My 89 HB (stantran, z24) idles right up around 1800 rpms. On hot summer days, it will occasionally drop to around 900. I suspect a vacuum leak, but I checked everything within reach and pulled the codes (55...situation normal) didn't find anything out of place. Where should I look next?


----------



## minitrkingking (May 10, 2009)

If you let it idle high for about 30 seconds and give the gas pedal a good tap does it go away? If so, that is not a problem, my owner's manual says that it should do that normally as I thought I had an issue. hope that's the case for you


----------



## rowdy89 (Feb 6, 2010)

If I give it a tap or shift out of gear, the rpms drop to around 800-900 then go right back up again.


----------



## CMax03 (Jan 17, 2009)

Look at the heater flap system, or the pcv system I'm sure it 's an air leak break out the brake cleaner or stephscope with tube (listening for air leak)


----------



## SPEEDO (Jun 9, 2003)

High idle may be due to the thermo element or "wax kit", it push's on the choke cam.. (its located on the TB) Might check it out..


----------



## CMax03 (Jan 17, 2009)

ditto^^^^ set it to it's proper dimension or replace the thermo element assy.


----------



## rowdy89 (Feb 6, 2010)

Thanks for the input.

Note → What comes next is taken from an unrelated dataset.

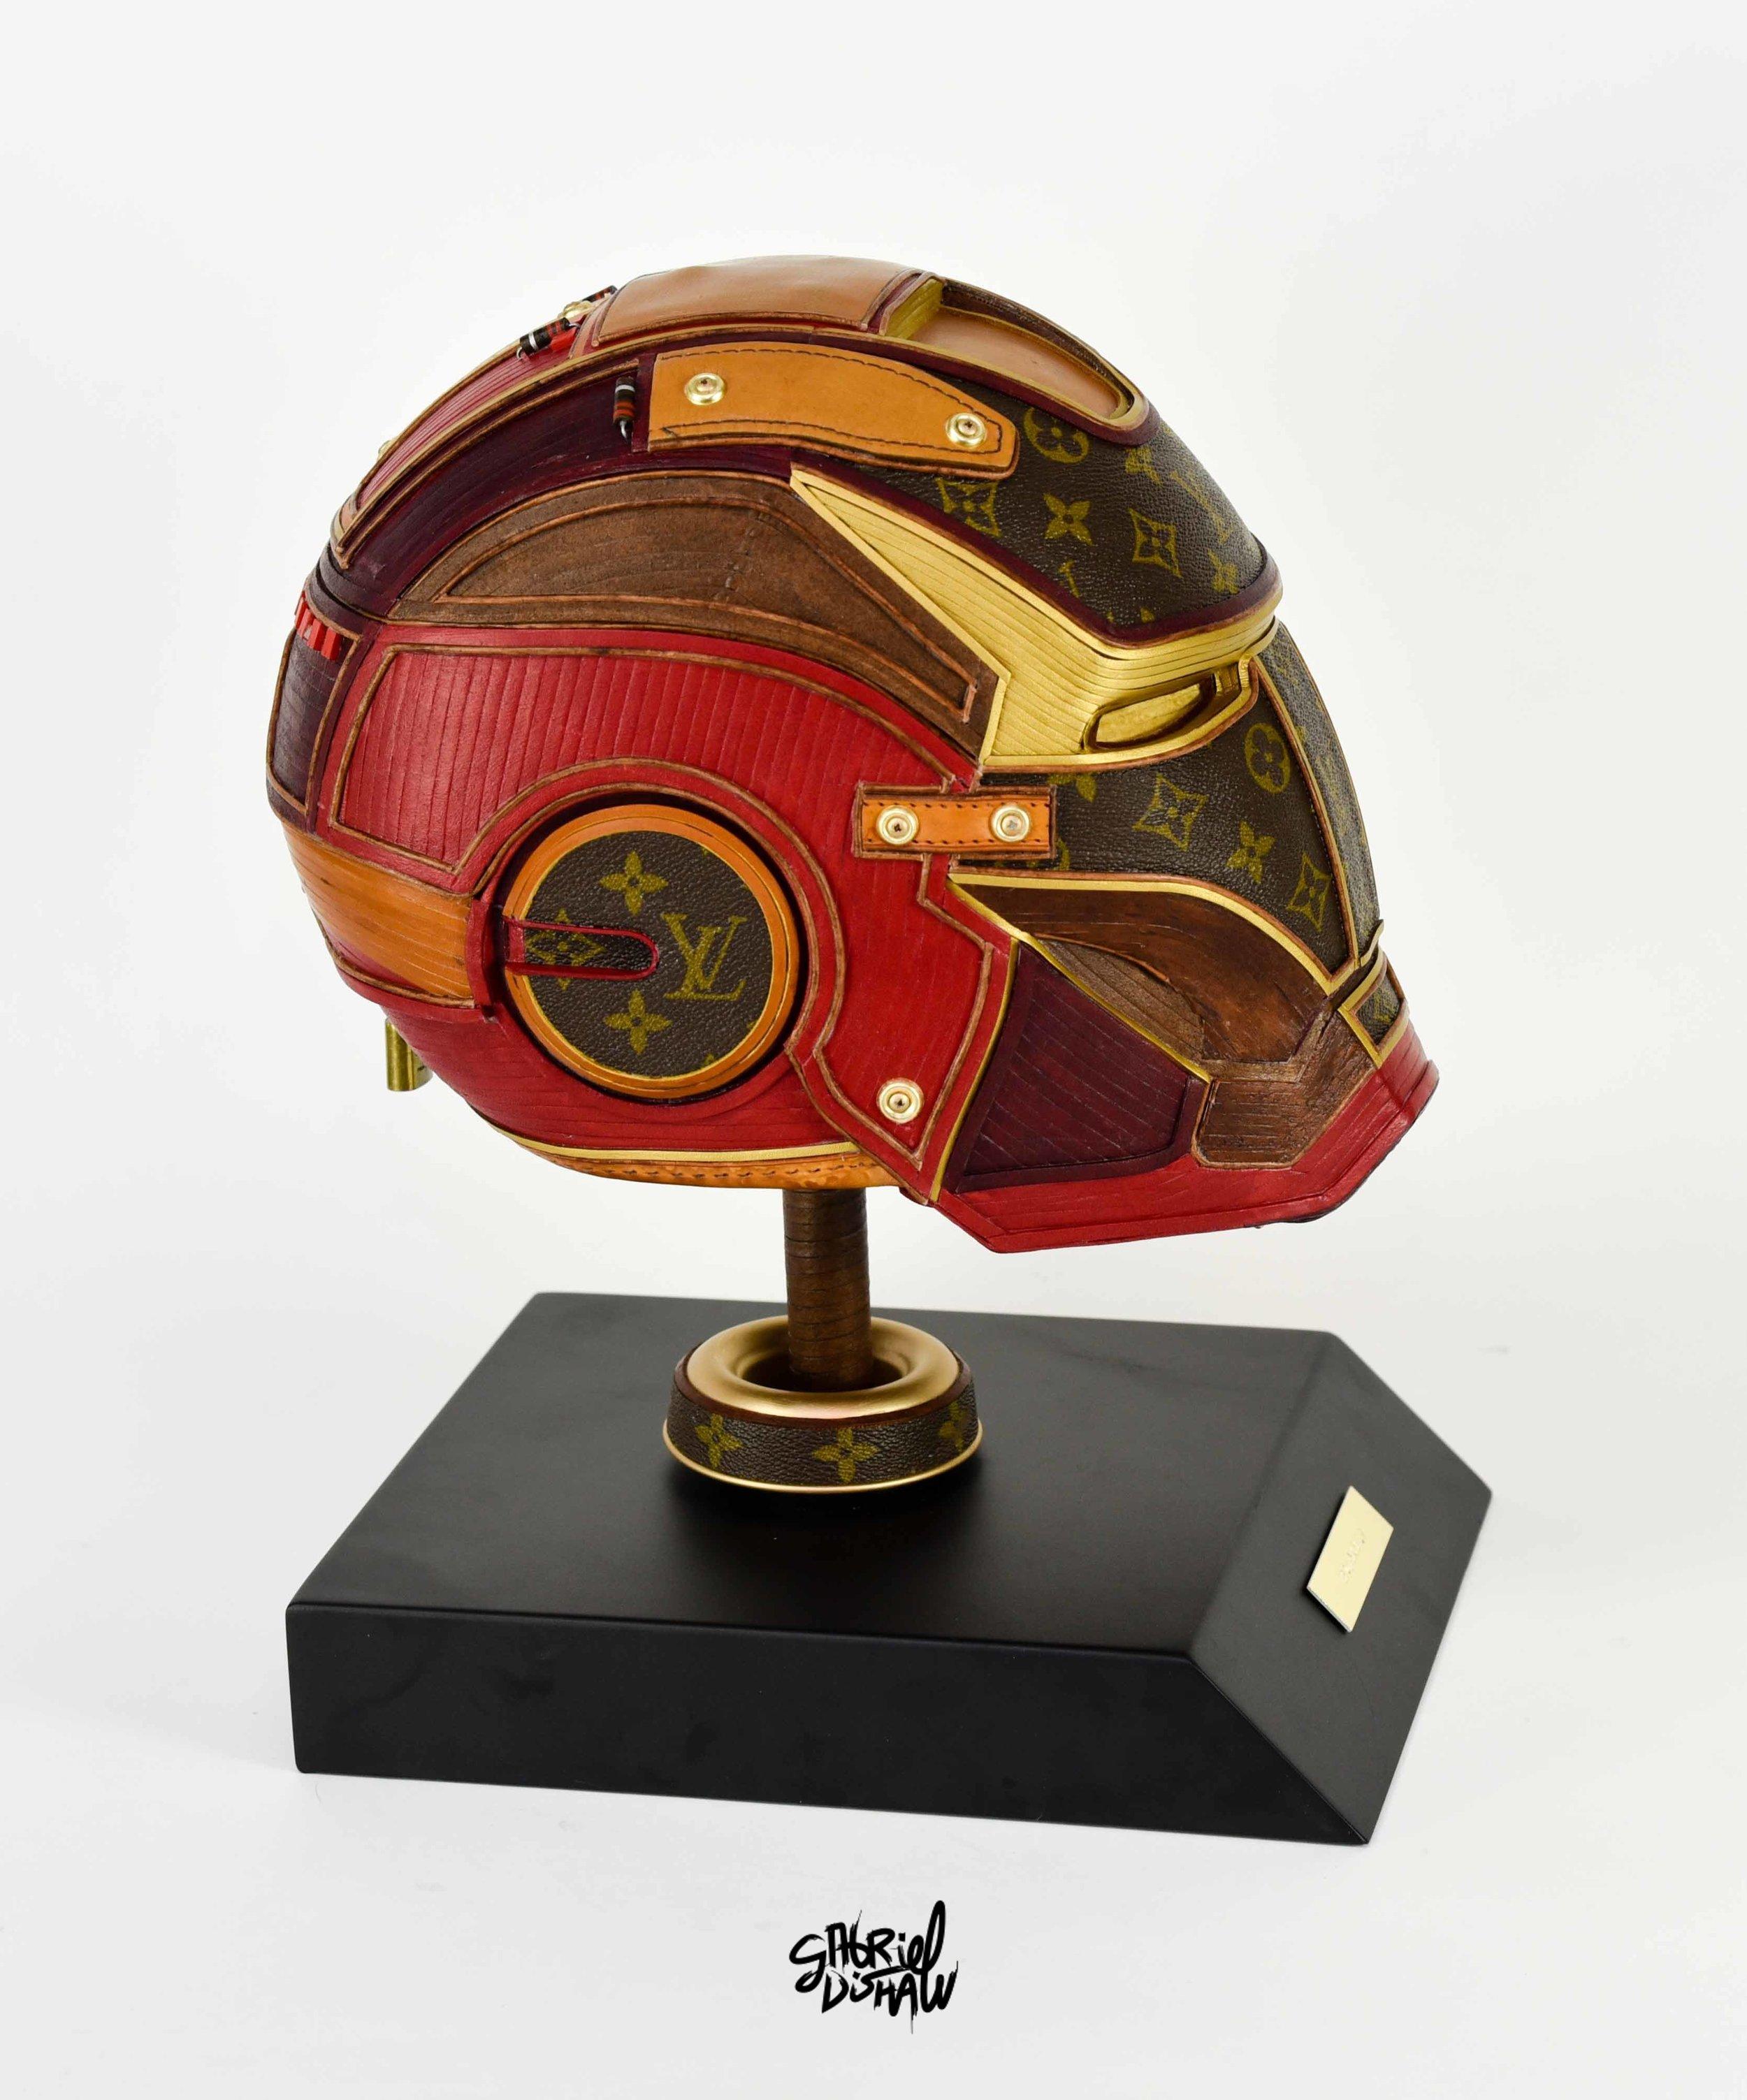 Gabriel Dishaw Iron Man LV-4152.jpg

I feel stupid, I just put 2 and 2 together and realized this might be a side effect of my engine running cold. The temp guage works fine, but the needle rarely gets much over the cold line. Maybe the thermostat is stuck open? Is this gonna cause any problems, other than wasting gas with that high idle?


----------



## SPEEDO (Jun 9, 2003)

check your coolant level and your temp sensor...
you have 2 (temp sensors) one has a injector style connector, that one feeds the ecu, the other one has a bullet style connector and it feeds the gauge


----------



## rowdy89 (Feb 6, 2010)

Coolant level is fine... how can I test the injector style sensor?


----------



## SPEEDO (Jun 9, 2003)

that one feeds the ecu, not the guage.
I wonder if you might have a air pocket where the temp sensor is not reading it right...


----------



## rowdy89 (Feb 6, 2010)

I think I'll pull out the thermostat this weekend and throw it in a pot of water on the stove. If I'm careful the womenfolk don't see me I can use the meat thermometer and figure out what temp it's opening at. The engine never really warms up. I can drive 50 miles, pop the hood and put my hand almost anywhere on it or the radiator. It gets really warm, not hot.


----------



## CMax03 (Jan 17, 2009)

Put a piece of cardboard in front of your radiator!


----------